Liquid propellants

Monopropellant and bipropellant are the two basic types in this category. Monopropellants do not require an oxidizer and produce thermal energy by decomposition either by ignition or by a catalyst. Since monopropellants cause hazards, they are not preferred. Its use is limited. It is used as a source of power to the turbine in a pump feed system. Examples of monopropellants are hydrogen peroxide, hydrazine and nitromethane. Biopropellant is a combination of an oxidizer and a fuel. On combining, this produces thermal energy. Some important combinations are hydrogen peroxide and gasoline, nitric acid and gasoline, liquid oxygen and alcohol, liquid oxygen and liquid hydrogen, liquid oxygen and hydrazine, liquid fluorine and ammonia, liquid fluorine and liquid hydtrogen, nitric acid and aniline, nitrogen tetroxide and hydrazine, hydrogen peroxide and ethyl diamene, ozone and cyanogens etc. Some combinations are hypergolic. The latest in this category is tripropellant which is a combination of metallic fuels and oxygen. The characteristics of liquid propellants are high calorific value, less toxicity, smooth ignition, high density, high reliability, negligible viscosity change with temperature, longer life span, low corrosion characteristics, easy to handle, easy to store and chemical stability.

Hydrologic cycle

The space on earth where water exists is called hydrosphere. Hydrosphere is spread over 15 km in earth’s atmosphere and down 1 km into the earth’s crust. There exists a hydrologic cycle through which water circulation is maintained in the hydrosphere. Hydrologic cycle is continuous and without any beginning or end.

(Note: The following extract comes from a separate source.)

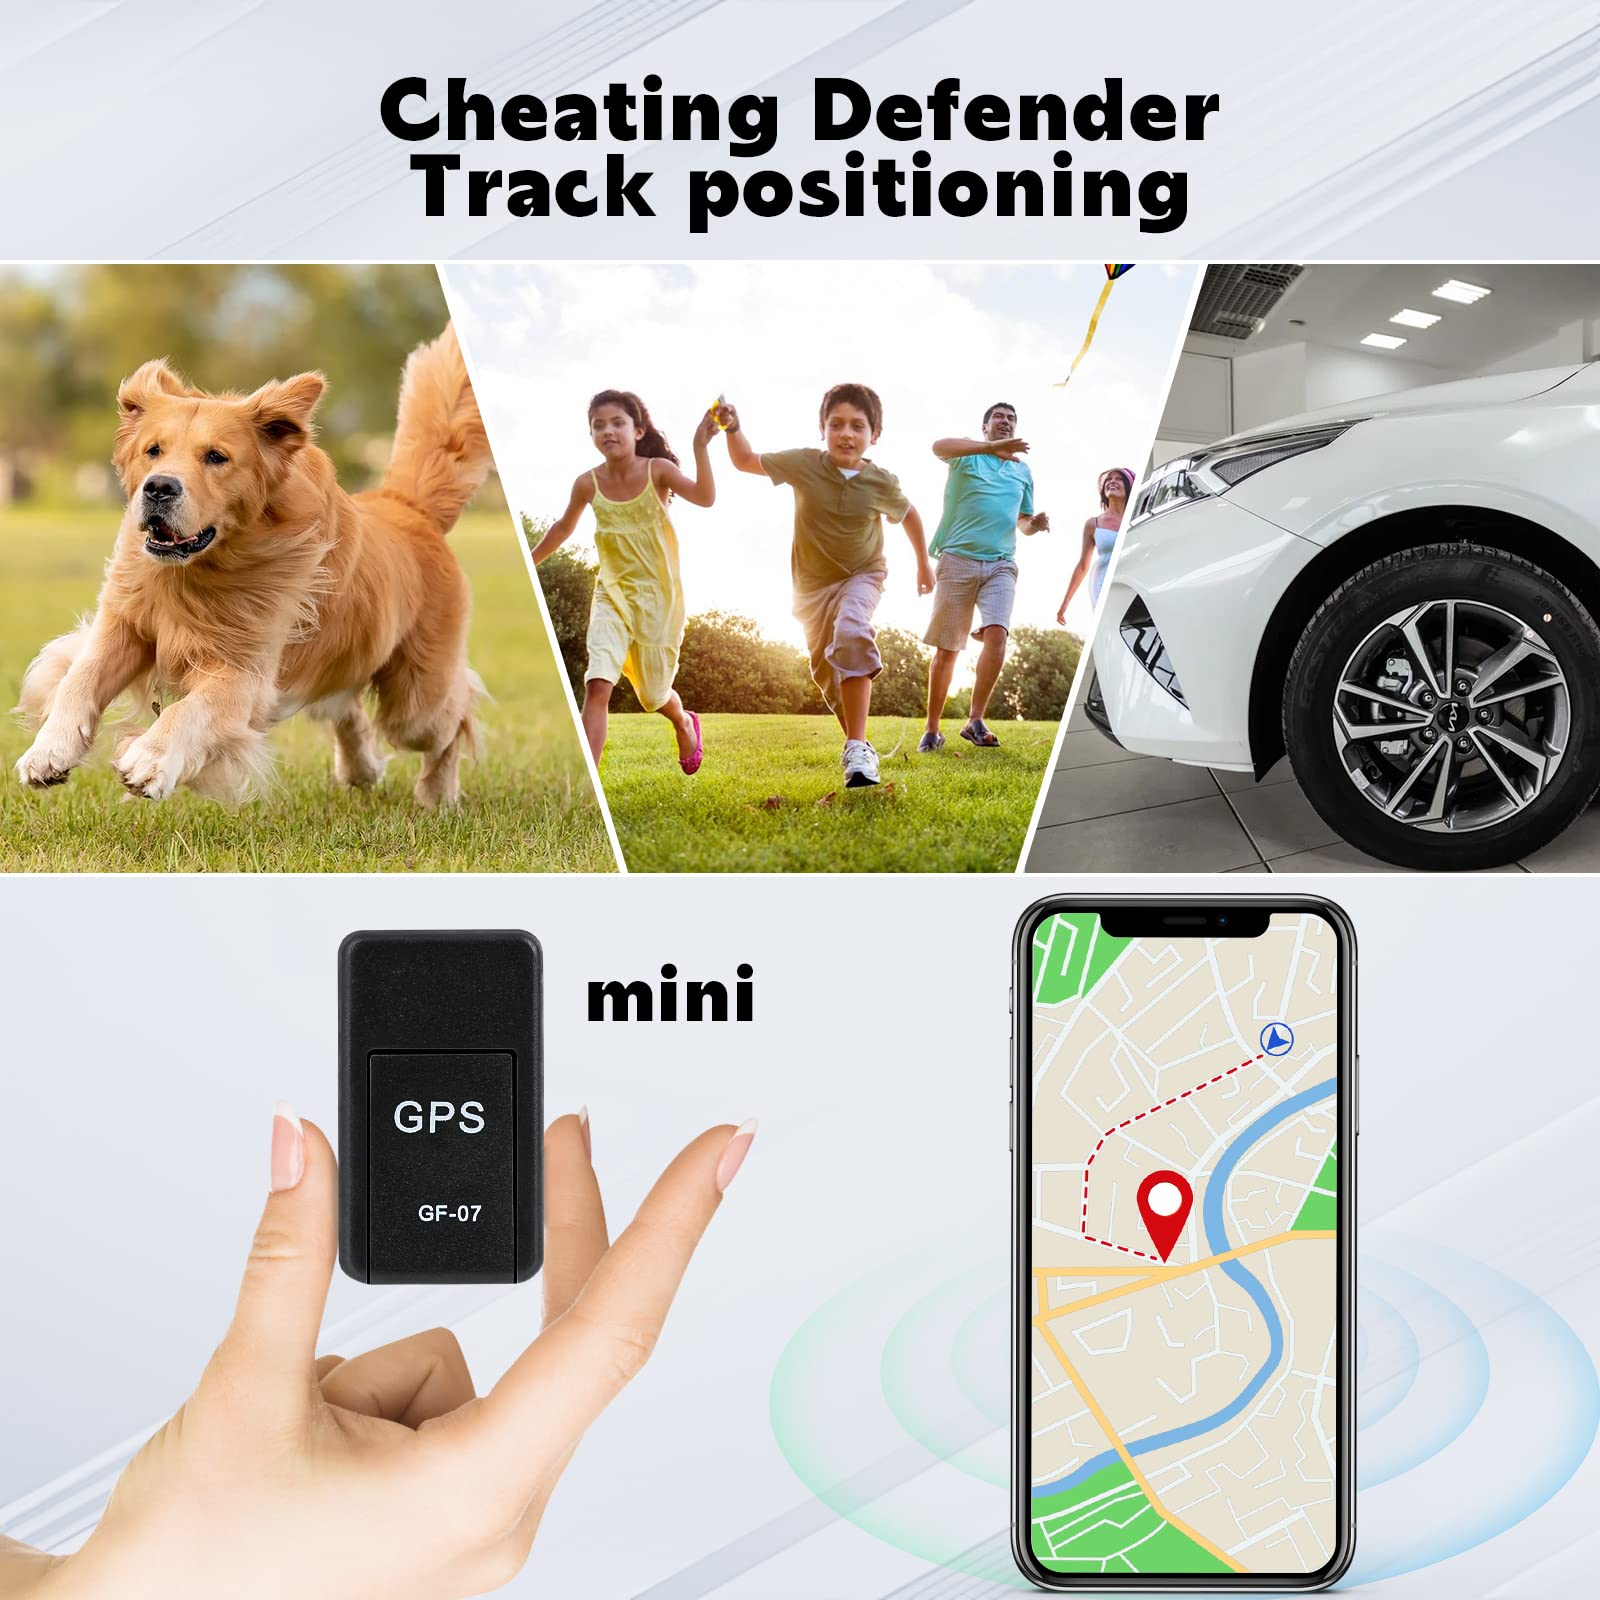 GPS Tracker for Vehicles - Magnetic Mini GPS Real time Car Locator Weatherproof Magnetic Case, Long Standby GSM SIM GPS Tracker for Vehicles Cars Trucks Loved Ones Asset Tracker

This cycle starts with the water evaporation from ocean surface and lands. This vapour becomes a part of the atmosphere. After some time condensation of water vapour occurs and results in precipitation, interception by vegetation, overland flow, subsurface soil flow, surface runoff etc. In the earth water is stored in oceans, groundwater (fresh and saline), ice, soil, snow, lakes, rivers, marshes and in atmosphere. Many physical parameters influence the hydrology of a region. Some examples are vegetation, topography, geology, human activities etc.

Comparators

A comparator compares two operating parameters- operating quantity and restraining quantity. The two types of comparators are amplitude comparators and phase comparators. Regardless of the value of the phase angle, amplitude comparators compare the magnitudes of operating and the restraining quantity. When the magnitude of the operating quantity exceeds that of the restraining quantity, the relay operates and sends the trip signal to the circuit-breaker. Three varieties of amplitude comparators exist. They are integrating amplitude comparator, sampling amplitude comparator and instantaneous amplitude comparator. The two types of integrated amplitude comparators are circulating current type and the voltage opposed type. In sampling comparators, signals are sampled either at the same instant or different instants and then compared. The averaging type and the phase splitting type are the two types of instantaneous amplitude comparators. Phase comparators compare the phase relation between two input signals. Coincidence type phase comparators and vector product type phase comparators are examples of phase comparators. The different techniques employed in coincidence type phase comparators are block spike phase comparison, phase splitting technique, integrating phase comparison and rectifier bridge phase comparison. The two varieties of vector type phase comparators are Hall Effect type and magneto-resistivity type phase comparators.

Underground cable

In a transmission system, cables play a significant role. The various types of cables exist in industry are low tension cables, high tension cables, super tension cable, extra high voltage solid type cables, extra high voltage oil-filled cables and extra high voltage gas pressure cables. The main parts of a cable design point of view are core, insulation, metallic sheath, bedding, armouring and serving. Entry of moisture to insulating material is prevented by metallic sheath. Lead, lead alloy and aluminium can be used as metallic sheath. Bedding is essential for providing a layer of paper tape compounded with a fibrous material or jute strands over the metallic sheath. Both bedding and armouring protects cables from mechanical injury. In the armouring process, cables are provided with layers of galvanized steel wires or layers of steel tape. The insulating materials used for cable are polyvinyl chloride, polyethylene, vulcanized rubber, cross-linked polyethylene cable, varnished cambric, vulcanized bitumen, gutta percha, silk, cotton, enamel or asbestos.